🤖 AI Summary
This work addresses the inherent trade-off between privacy preservation and response utility in user interactions with AI chat systems. The authors propose PromptPET, a novel framework that dynamically obfuscates sensitive information within user prompts on the client side to protect privacy while preserving semantic utility. PromptPET introduces a data-type-based taxonomy for sensitive information and incorporates, for the first time, a reinforcement learning–inspired rule optimizer that adaptively selects among obfuscation strategies—including redaction, abstraction, substitution, and a new noise injection/denoising mechanism. Experimental results on real-world conversational data demonstrate that PromptPET significantly outperforms existing approaches, achieving state-of-the-art performance in balancing privacy and utility under a single obfuscation paradigm.
📝 Abstract
Privacy is an important challenge when users interact with AI chatbots, since users may share sensitive information, explicitly or implicitly, and AI chatbots can use this information for user profiling. In this paper, we aim to protect user privacy via a user-side mechanism that transforms sensitive information in a user prompt, while preserving enough information to elicit a useful response from the chatbot. This approach faces an inherent tradeoff between protecting privacy (i.e., avoiding profiling) and preserving utility (i.e., getting personalized and task-specific responses). To that end, we consider, evaluate, and compare four different obfuscation actions, namely redaction, abstraction, replacement, and a novel noising/denoising scheme that we introduce.
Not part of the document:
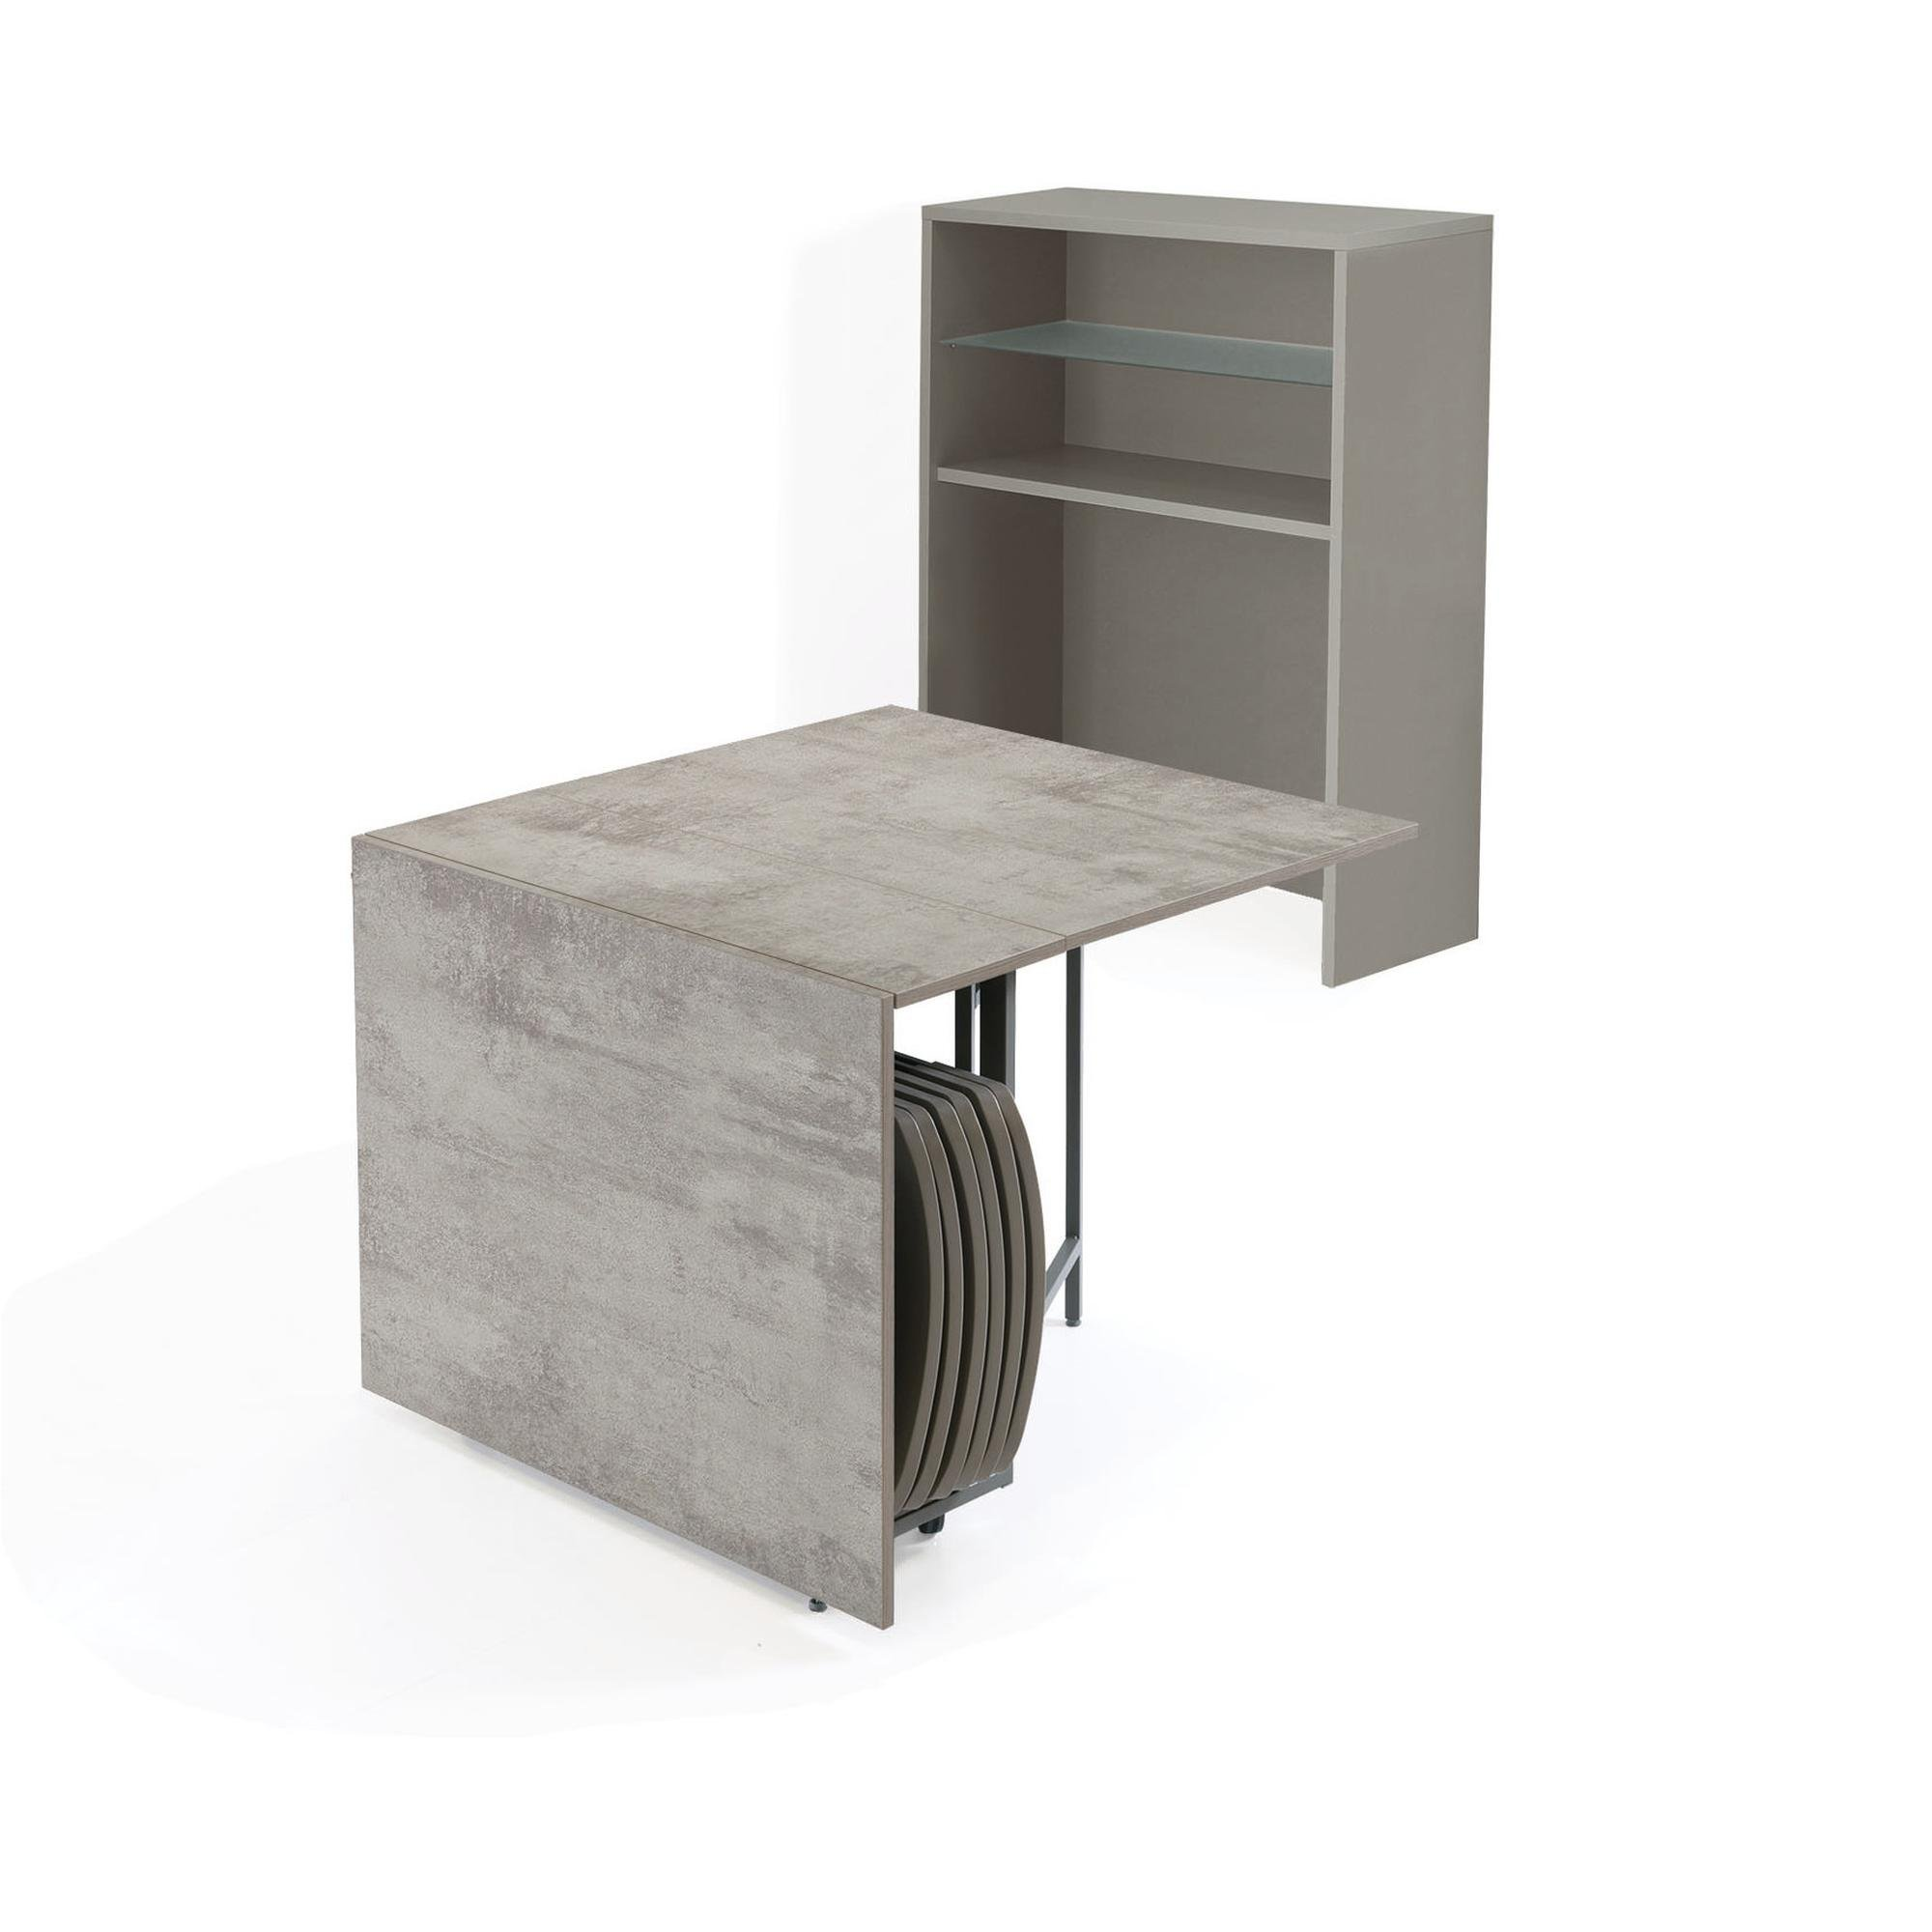 Libreria 96x37,5xh125 cm con tavolo chiudibile e sei sedie ZETA O FIRST chiudibili | Pezzani srl

Additional novel insights include: utilizing a data type taxonomy to both identify and obfuscate sensitive information and explicitly taking into account the utility of chat responses in making the obfuscation decision. First, we systematically optimize and evaluate each obfuscation action independently in terms of the privacy-utility tradeoff it achieves. Second, we propose PROMPTPET, an LLM-based agent that selects the best obfuscation action for each sensitive part of the prompt, using a reinforcement-learning inspired rule optimizer, applied for the first time in this context. Using a real-world chat dataset, we show that PROMPTPET matches the best privacy-utility tradeoff attainable by any single obfuscation action and significantly outperforms prior state-of-the-art approaches.